GPS tracking systems have become a reliable tool over the last years. By making use of satellites, GPS tracking devices are able to deliver regular location updates with remarkable precision.
GPS Tracking technology enables people to determine the location of their vehicles, assets or loved ones with an accuracy of down to 1 meter depending on the conditions. With such cutting-edge technology, people are able to equip their valuables with tracking devices and easily locate them in real-time.
GPS tracking systems have proven to be a game-changer in the business world especially for companies that own a vehicle fleet. If we take a close look at the technology used in fleet management, we would notice that it encompasses a variety of devices, which include; GPS location systems, displays, digital tachographs, applications, etc. Every one of these devices revolves around GPS technology and we could call it the main instrument for reporting the situation of vehicles to fleet management in the quickest possible way.
When a company is faced with an option of implementing fleet management with GPS tracking systems, the first and most important question centres around “Return On Investment”, which can either be high or low depending on the number of vehicles involved. To answer this question, we must make clear the advantages of GPS tracking in fleet management systems which include: Real-time location of all vehicles in the fleet (lets you know at all times where they are and if they are parked or running), productivity and increased employee responsibility, accurate data on the use of fleets, faster roadside assistance and many more.

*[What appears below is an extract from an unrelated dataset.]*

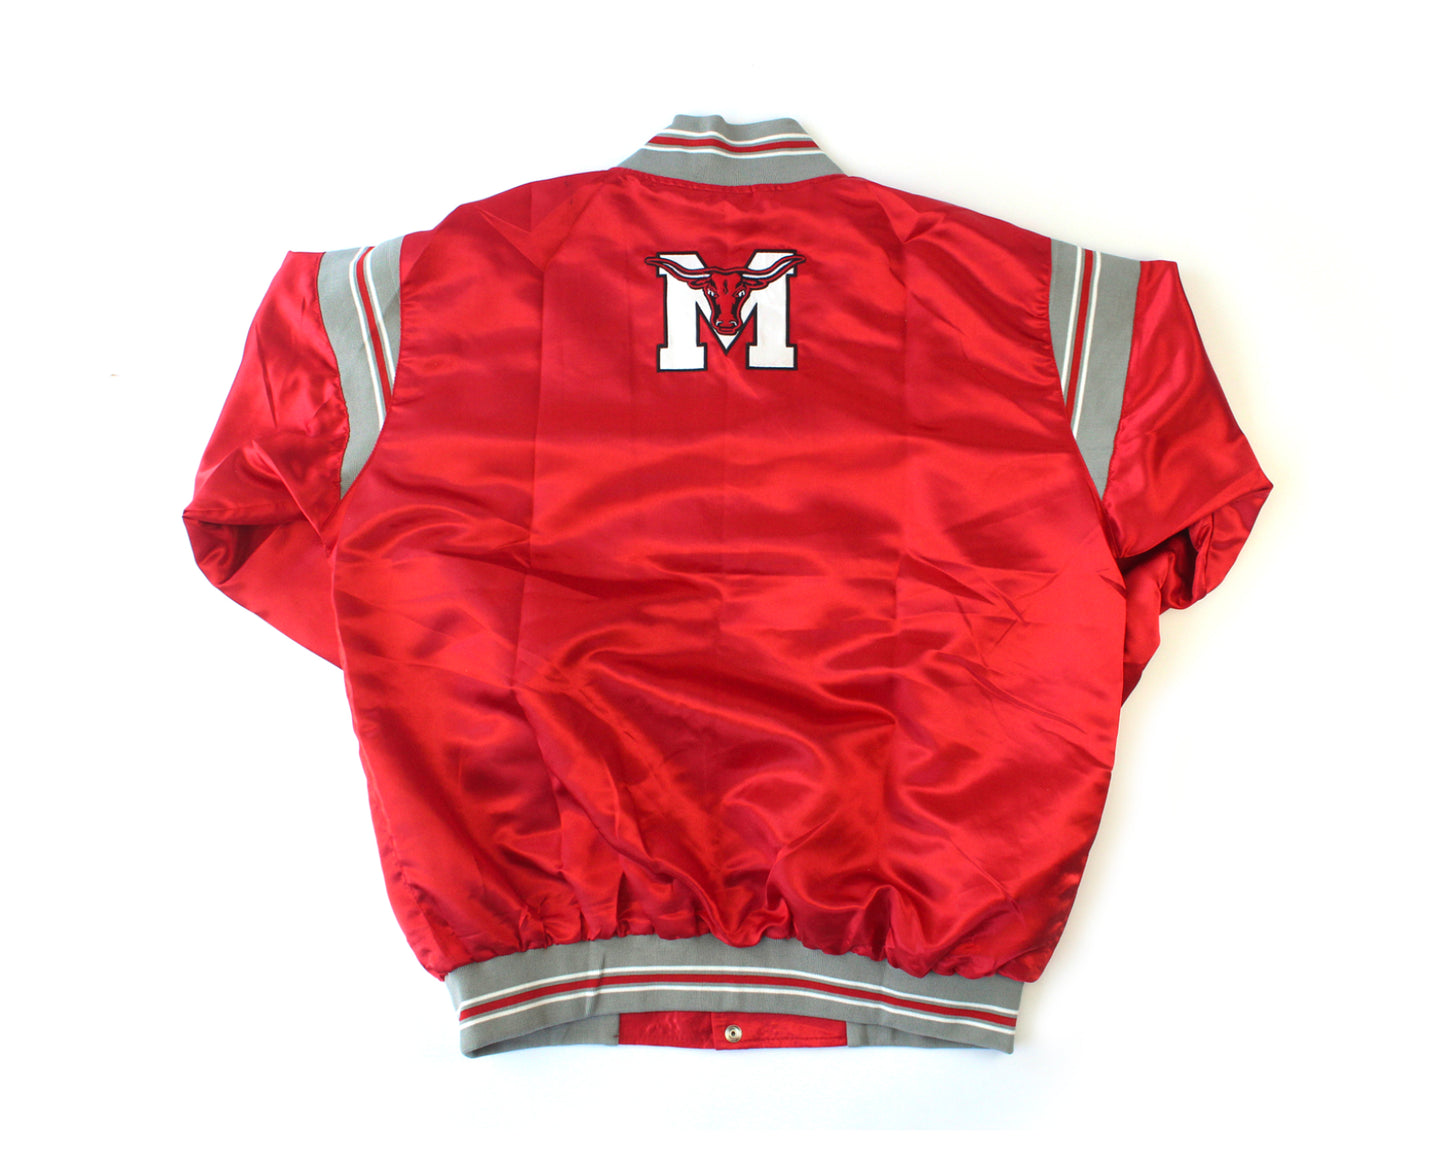 Marshall Mavericks Jacket (Pre-Order)

Among the numerous advantages of GPS tracking systems for vehicle fleets, one of the most important is the fact that it lowers costs. Lots of establishments today depend on vehicle fleets while carrying out business activities, as mobile assets such as vehicles entail a considerable amount of capital expenditure. Also, the cost of fueling and maintaining a vehicle fleet can lower a company’s profit margins. However, by installing GPS vehicle tracking systems in vehicle fleets, companies can drastically lower operational costs in the following ways:
Vehicle breakdowns can lead to loss of time on the road and massive repair bills. By automating alerts on vehicle maintenance, you can avoid unnecessary vehicle downtime and additional maintenance fees. With fleet management systems, you can set up alerts to notify you whenever a vehicle is driven at a certain distance, for certain amount of hours or when it exceeds the limit of appropriate load capacity and speed. You can also receive automatic alerts that let you know when the vehicle should undergo maintenance and this goes a long way in protecting you from unexpected repair costs.
Reduces excessive overtime
Eliminating overtime payments is a simple way to reduce operating costs. Several companies have discovered that their drivers perform tasks in a few hours and instead of returning to the office, they violate company rules and regulations by using company cars for personal purposes and return back after working hours with the excuse of traffic, thereby requesting bonuses for overtime. With a fleet tracking device onboard, you can properly monitor the use of your vehicles and consequently determine the genuine of overtime payment.
Aggressive driving can lead to accidents and this can cost your company fines which can take out a large chunk of the company’s profit. Instead of taking a reactive approach to driver behaviour, you can use the GPS tracking system to manage and promote road safety proactively. When safety is improved, businesses can drastically reduce payouts incurred from road safety violations as well as accidents.
One thing most business owners fail to understand is that the total cost incurred as a result of an accident is several times greater than the direct cause. Total cost deals with the cumulative amount lost as a result of an accident over a long period of time while the direct cost only focuses on the costs incurred in a short run which include things like vehicle repair cost, medical bills for injured victims, payouts etc. A variety of factors make up the total cost of accidents and these include:
- Time lost by drivers at the scene of the accident
- Loss of revenue due to equipment inability to yield income.
- Inability to keep up with orders as well as meet business deadlines as a result of an accident or accidents.
- Time lost by postponing missed business assignments
- Time lost as a result of accident investigations as well as reports by the management involved.